Being the larger vendor, Verve were able to position themselves at the forefront of coffee innovation working directly with a disruptive DTC brand and keep challenging their industry. For Drip Kit, the partnership represented an additional distribution channel. They were also able to leverage the national recognition and reputation of quality that Verve own, which then filters into the Drip Kit brand through association and shared audience.
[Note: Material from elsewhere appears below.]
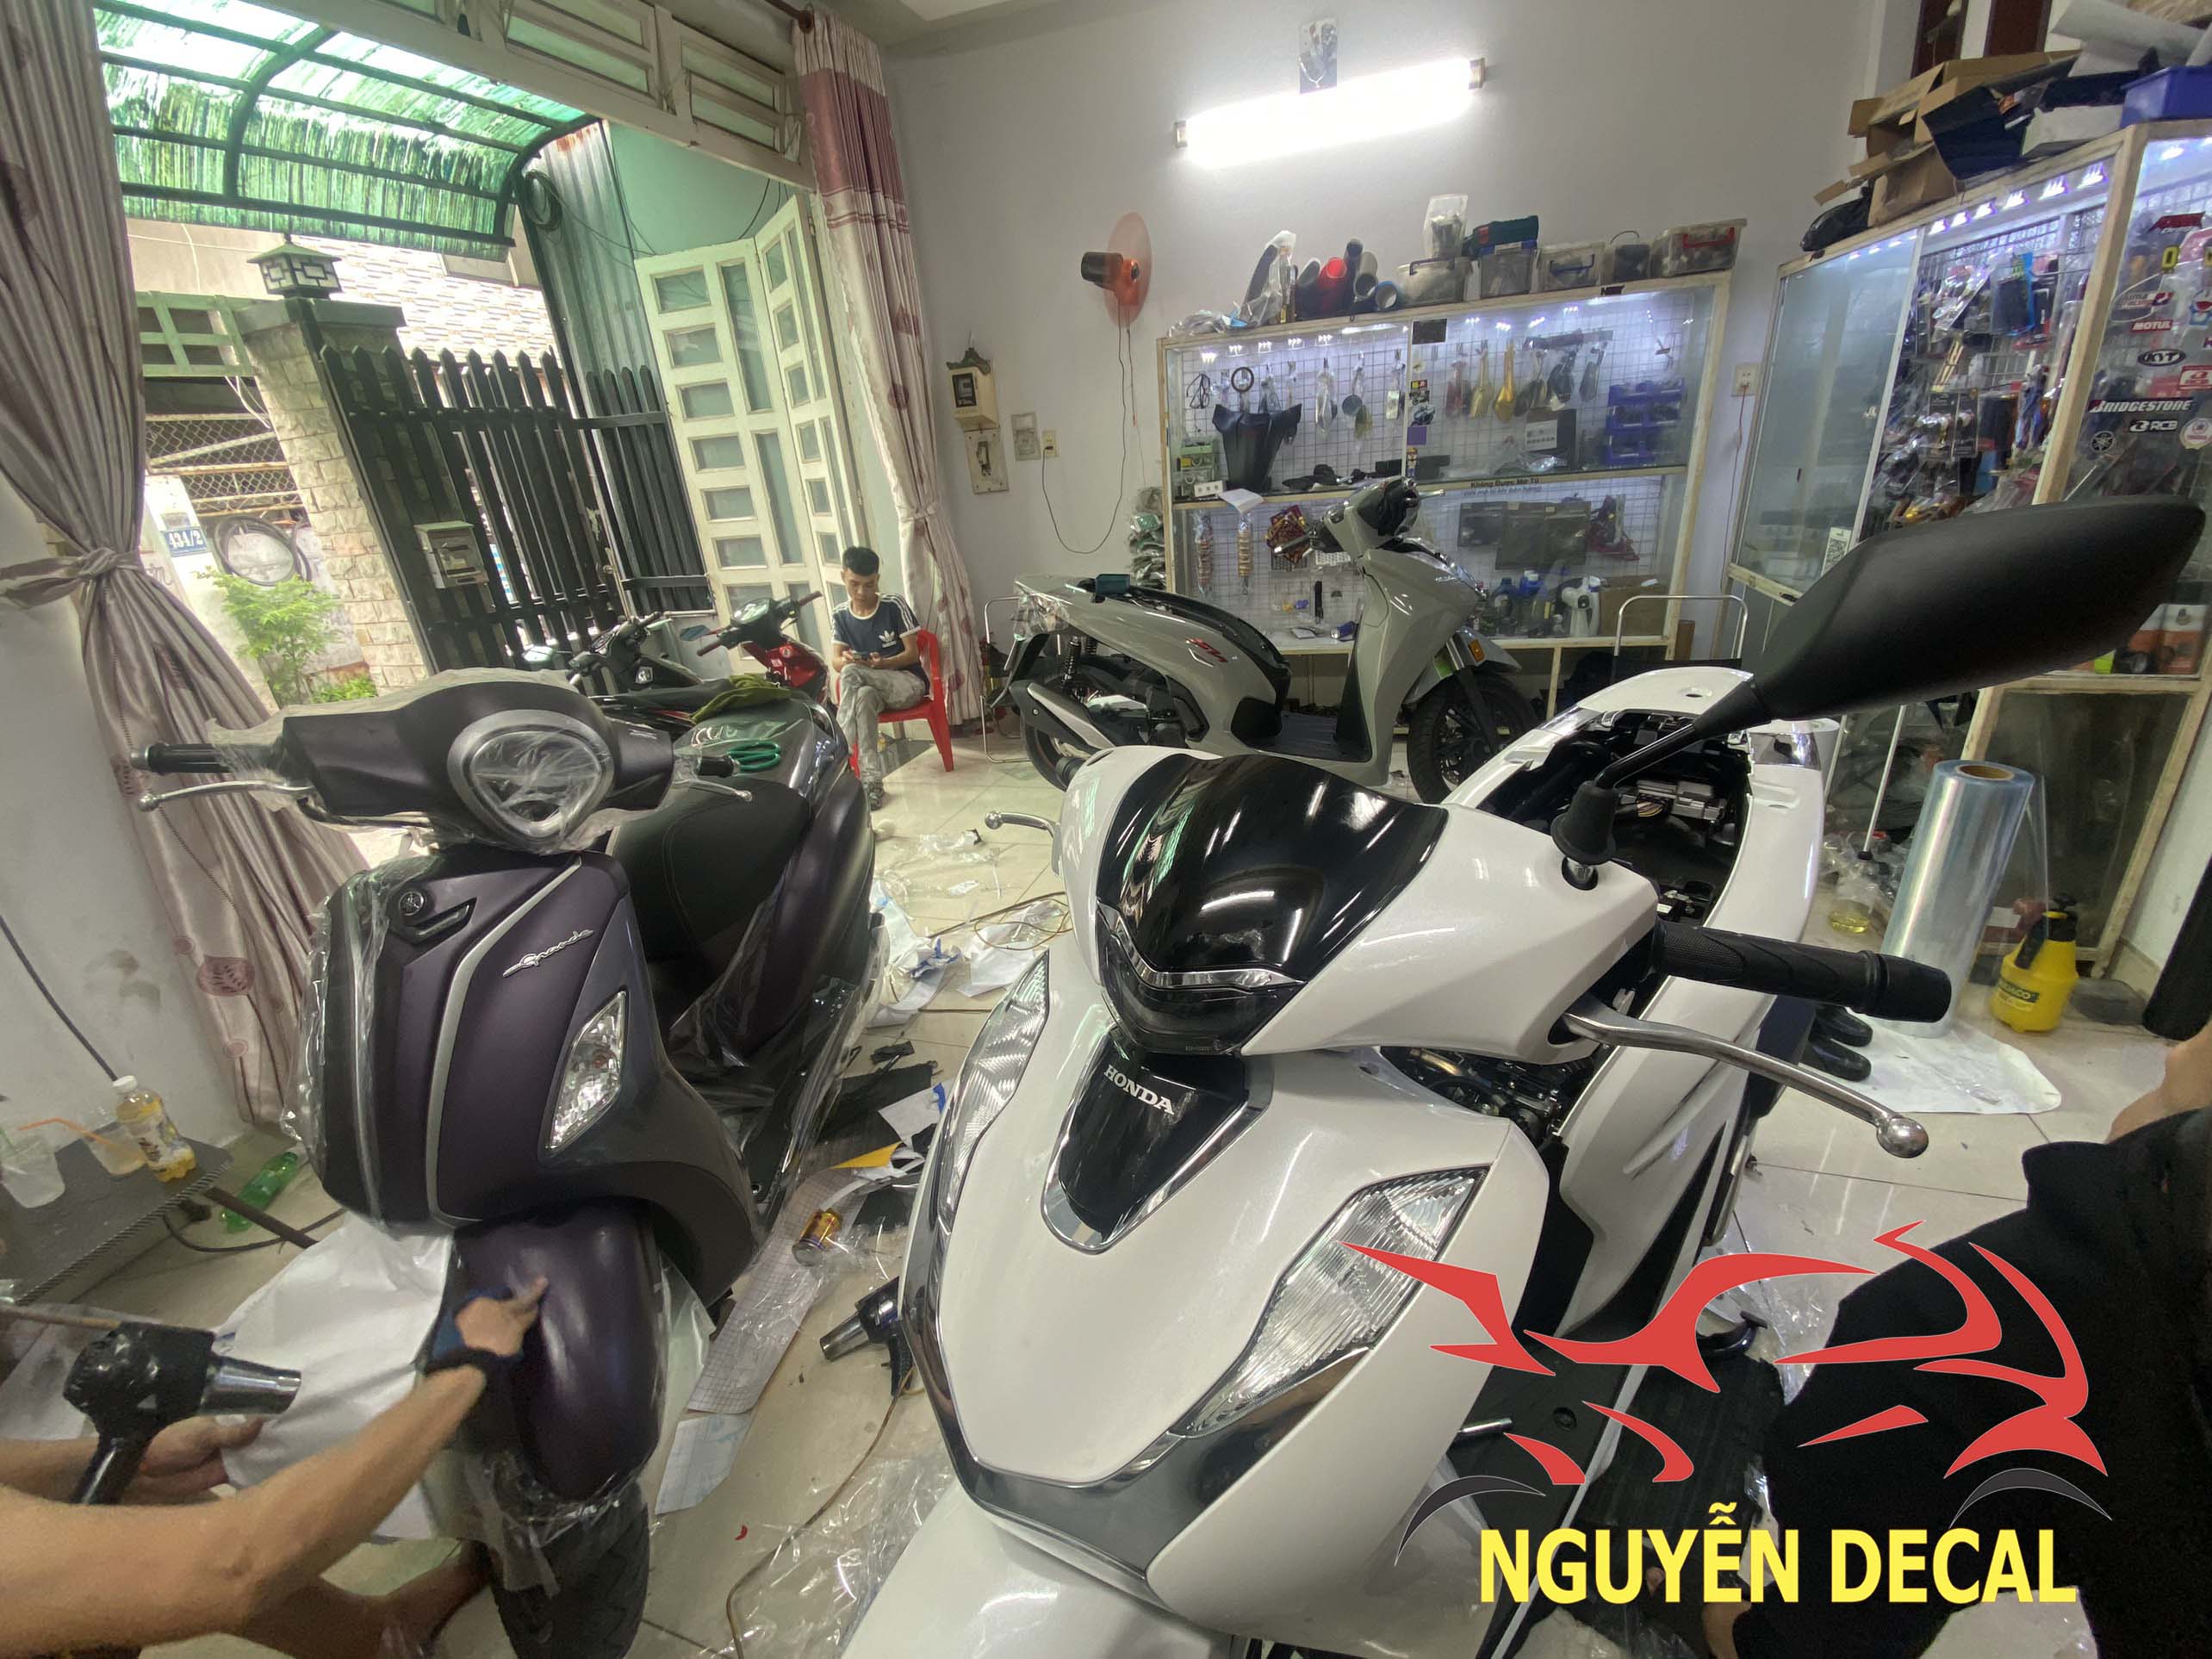 Lắp định vị gps cho xe máy tại Nguyễn Decal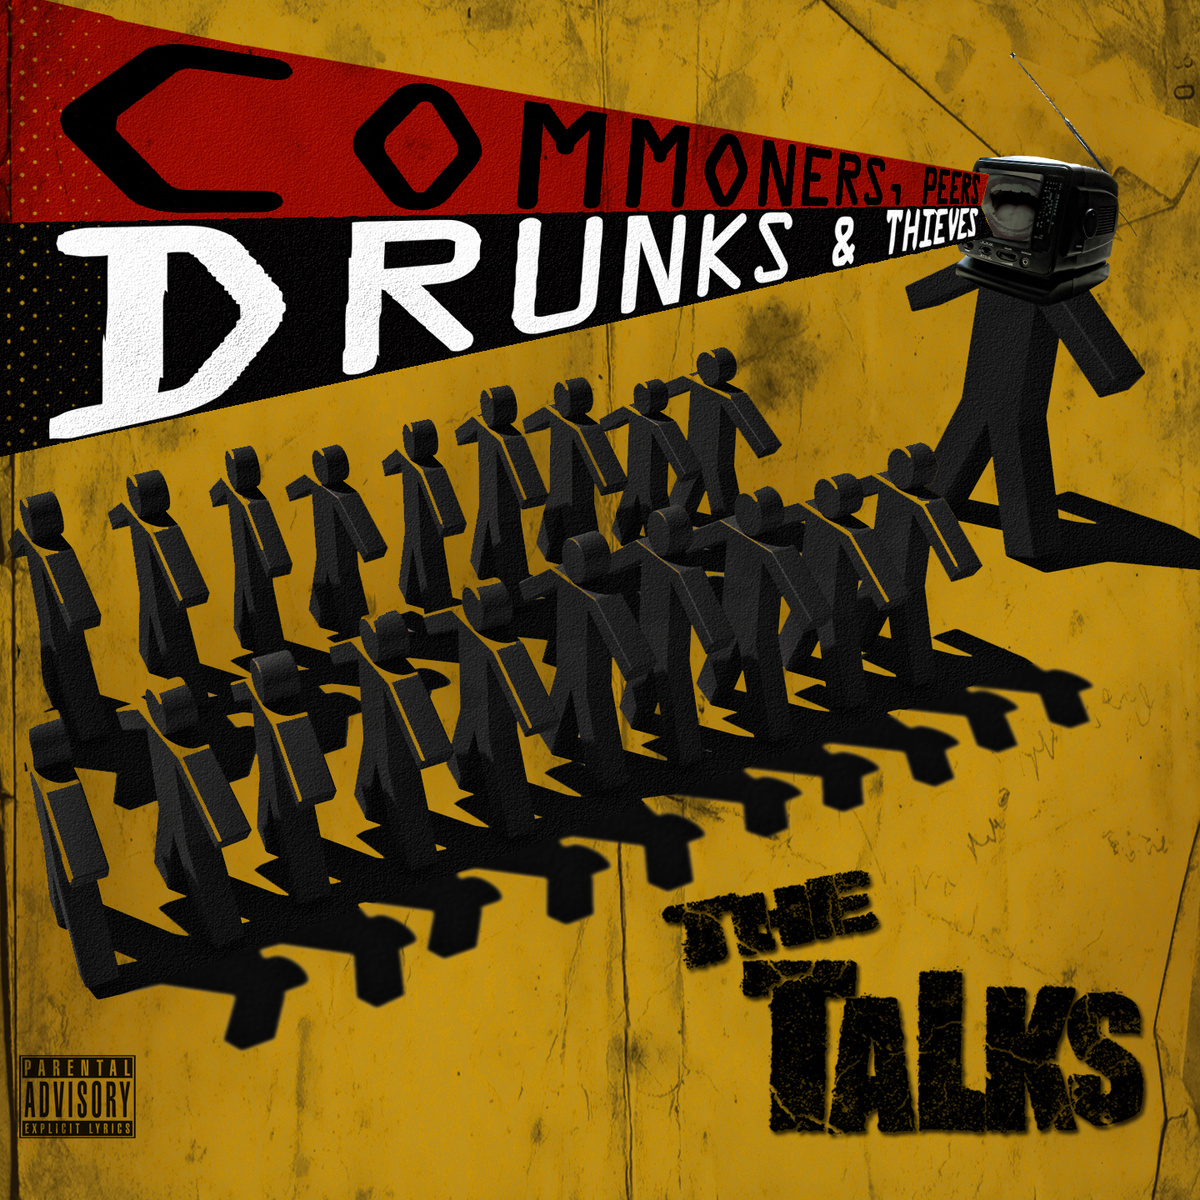 Talks, The/COMMONERS, PEERS, DRUNKS LP

Different brand partnership strategies
When looking at a possible brand partnership, there could be a multitude of desired outcomes and various strategies to execute on them. A brand partnership might choose to focus on achieving customer acquisition targets, and deploy a strategy which aims to leverage the shared audience of each partner. A great example of this in action was the recent “Make your dog at home” event in New York where DTC dog brands Ollie, Fi, Wild One, Recess and Burrow threw a “Puppy Party'' welcoming customers and their dogs to try each brand's products in-store.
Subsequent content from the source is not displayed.